The first step to maintaining good credit is being aware of your credit score and what’s on your report. You should review your credit report at least once per year. Why? For one, it’s important to ensure you aren’t a victim of fraud or identity theft. If your report contains information that you don’t recognize (e.g., names or account numbers), report it immediately. Secondly, credit agencies can make mistakes. The only way to correct them is to check your credit report for errors and notify the agency of incorrect data.
The good news is, it’s easy to do. The Fair Credit Reporting Act (FCRA) requires the three main credit agencies (Equifax, Experian and TransUnion) to provide you with a free copy of your credit report once per year. All you have to do is visit www.annualcreditreport.com to order yours. Why is knowing your credit rating so important? Maintaining good credit means you won’t have any unwelcome surprises when you apply for a new credit card, auto loan, or mortgage!
#3: Review your beneficiary designations.
When was the last time you checked your 401k beneficiaries? How about the beneficiary named on your employer-provided life insurance when you first started your job? Chances are you haven’t checked either of them recently. Think you’re covered because you updated your last will and testament? It doesn’t work that way. Assets with designated beneficiaries transfer automatically, regardless of what is written in your will or trust.
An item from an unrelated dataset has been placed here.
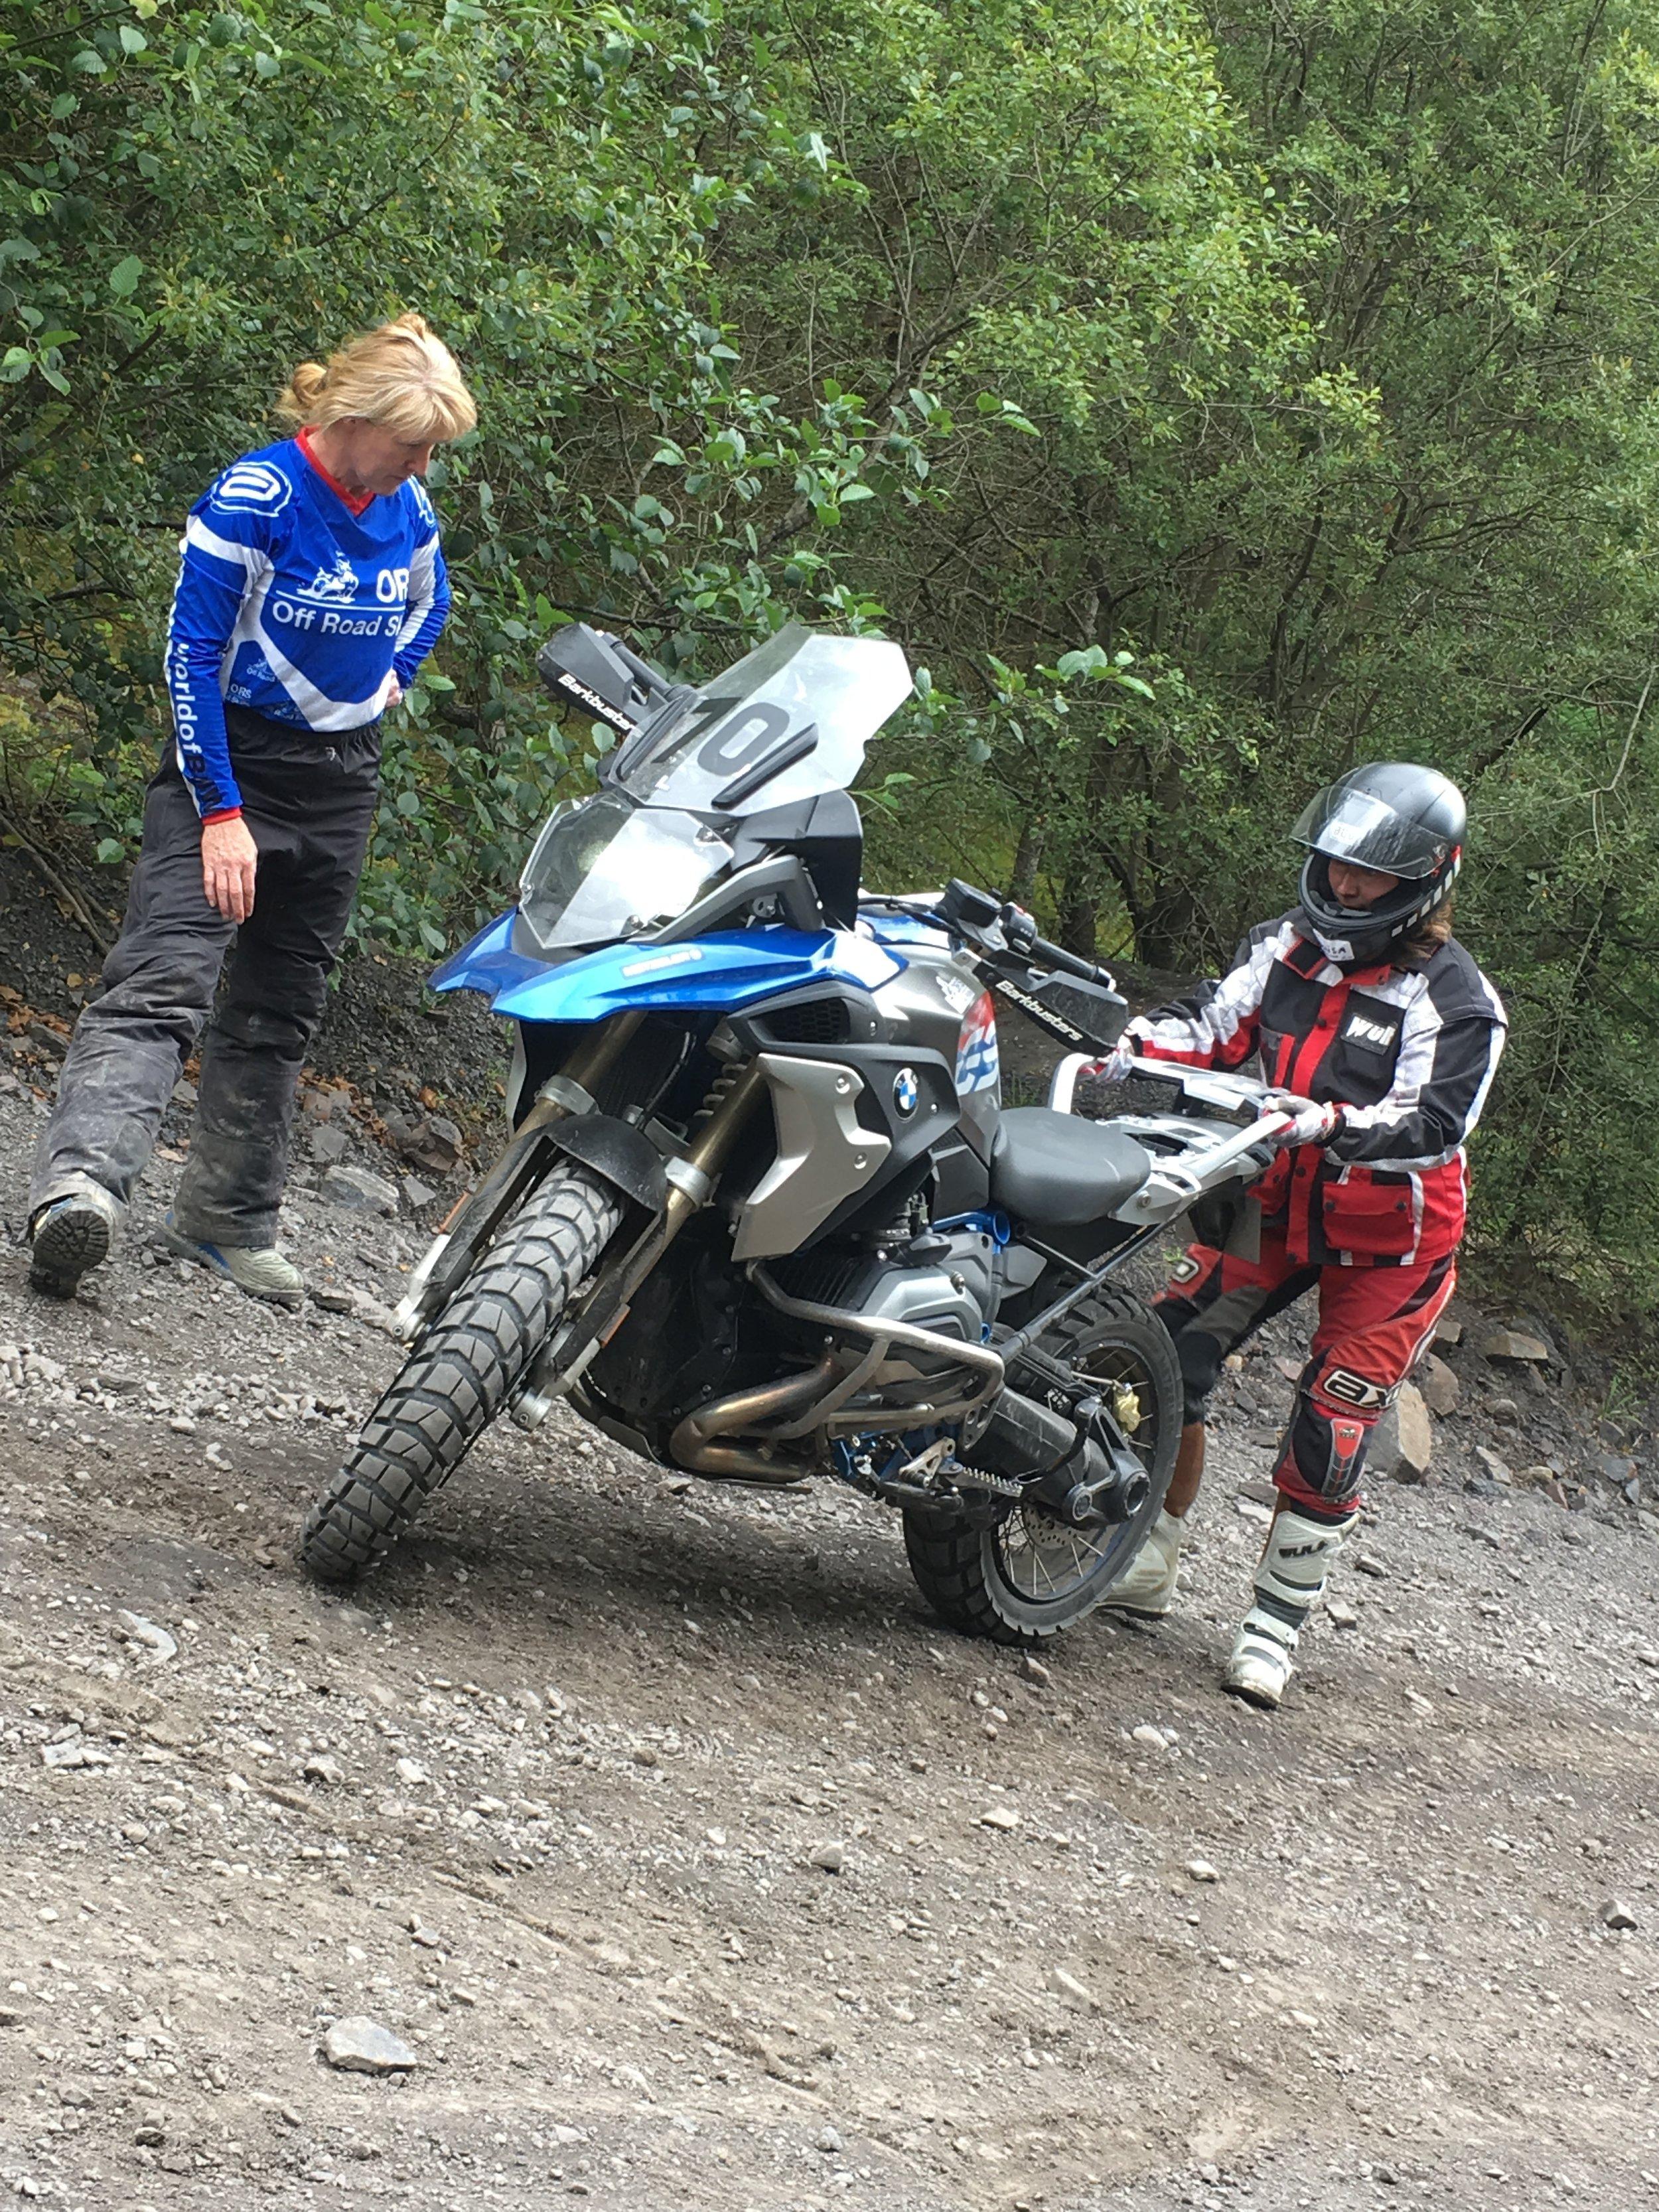 Louisa-Swaden-Adventure-Rider-Radio-Motorcycle-Podcast-11.jpg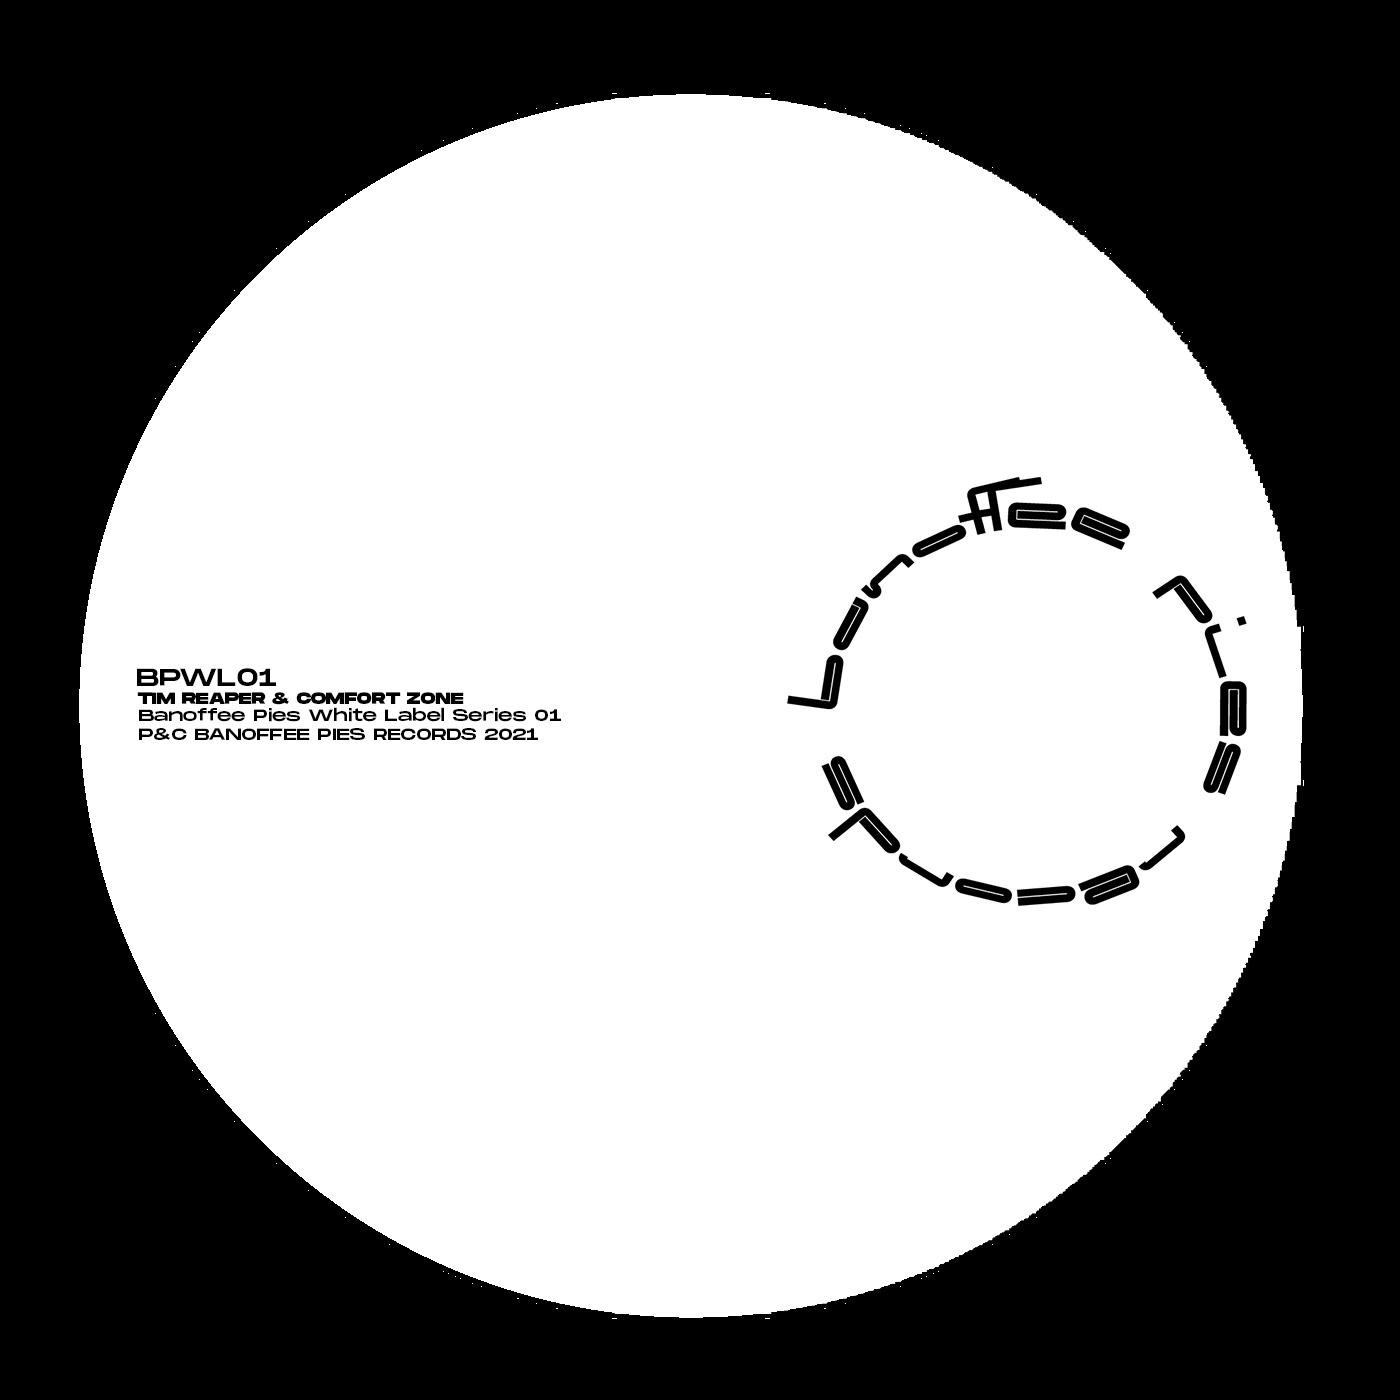 Tim Reaper & Comfort Zone – Banoffee Pies White Label Series 01 (Banoffee Pies)

You need to keep your listed beneficiaries up-to-date to ensure that the named individuals and charities reflect your current wishes. This spring, take time to review all your retirement accounts (401k, 403b, IRA, etc.), life insurance policies, and annuity contracts to make certain the appropriate beneficiaries are named.
And while you’re at it, review all your estate documents, including your power of attorney, living will, health care representative, as well as your will and any trust documents, to ensure they are still in sync with your wishes. Don’t have estate documents? Now’s the perfect time to contact an estate planning attorney for help!
#4: Evaluate retirement savings - increase if possible.
Do you know how much money you’re saving for retirement? If not, take inventory of the amount you’re contributing to your 401k, 403b, IRA, or other retirement accounts on a monthly or annual basis. Then determine what percentage of your income your retirement savings represent. Having an idea of exactly how much money you are saving is the first step for this check-list item.
Once you have a handle on how much you’re saving, try to increase that amount. Many experts recommend putting 15 percent of your gross income toward retirement – at a minimum. If your current retirement savings fall short, consider bumping up your contributions to meet the recommended target. Increasing the amount of money you put aside each year by 1 to 2 percent (or more, if possible) will help to ensure you are financially secure during your retirement years.
Using this four-step checklist to clean up your personal finances will give you the same sense of accomplishment as getting your house all spic-and-span for the spring season. More importantly, reviewing your financial situation periodically will give you a sense of control over your financial life!